→ Assigned task: The answer should hold exactly the lines of the entries below from the one containing "Best history games: Wulverblade." through the last line, both included.

*** Opening Exercise material ***

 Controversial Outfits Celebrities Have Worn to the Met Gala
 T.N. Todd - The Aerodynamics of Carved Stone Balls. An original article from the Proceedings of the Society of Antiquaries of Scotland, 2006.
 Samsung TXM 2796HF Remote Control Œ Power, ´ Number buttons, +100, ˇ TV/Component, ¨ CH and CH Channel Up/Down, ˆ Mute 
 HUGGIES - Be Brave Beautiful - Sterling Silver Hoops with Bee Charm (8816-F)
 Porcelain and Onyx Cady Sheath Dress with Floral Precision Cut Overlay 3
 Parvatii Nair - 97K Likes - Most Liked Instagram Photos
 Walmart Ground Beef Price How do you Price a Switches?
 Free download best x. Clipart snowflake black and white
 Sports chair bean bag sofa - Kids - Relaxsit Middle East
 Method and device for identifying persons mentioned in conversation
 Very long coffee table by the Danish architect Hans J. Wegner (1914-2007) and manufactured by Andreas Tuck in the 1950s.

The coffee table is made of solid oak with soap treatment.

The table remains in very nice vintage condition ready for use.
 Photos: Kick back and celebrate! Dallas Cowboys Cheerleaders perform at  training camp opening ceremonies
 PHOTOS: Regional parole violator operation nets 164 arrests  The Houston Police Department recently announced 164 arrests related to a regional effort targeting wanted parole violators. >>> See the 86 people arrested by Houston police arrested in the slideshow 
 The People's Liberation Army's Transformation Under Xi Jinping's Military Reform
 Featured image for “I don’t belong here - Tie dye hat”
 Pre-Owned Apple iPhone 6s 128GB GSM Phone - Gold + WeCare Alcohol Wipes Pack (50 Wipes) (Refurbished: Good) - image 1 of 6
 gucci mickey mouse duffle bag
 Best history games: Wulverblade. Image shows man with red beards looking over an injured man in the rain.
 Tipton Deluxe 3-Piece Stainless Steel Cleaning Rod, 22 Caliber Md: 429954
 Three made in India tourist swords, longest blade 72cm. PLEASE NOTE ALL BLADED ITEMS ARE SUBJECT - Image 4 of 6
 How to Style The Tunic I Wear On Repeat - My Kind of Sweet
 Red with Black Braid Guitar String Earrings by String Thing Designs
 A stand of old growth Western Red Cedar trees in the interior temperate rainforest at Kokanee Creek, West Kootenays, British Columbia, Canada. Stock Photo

*** Closing Exercise material ***

→ Response for this exercise:
 Best history games: Wulverblade. Image shows man with red beards looking over an injured man in the rain.
 Tipton Deluxe 3-Piece Stainless Steel Cleaning Rod, 22 Caliber Md: 429954
 Three made in India tourist swords, longest blade 72cm. PLEASE NOTE ALL BLADED ITEMS ARE SUBJECT - Image 4 of 6
 How to Style The Tunic I Wear On Repeat - My Kind of Sweet
 Red with Black Braid Guitar String Earrings by String Thing Designs
 A stand of old growth Western Red Cedar trees in the interior temperate rainforest at Kokanee Creek, West Kootenays, British Columbia, Canada. Stock Photo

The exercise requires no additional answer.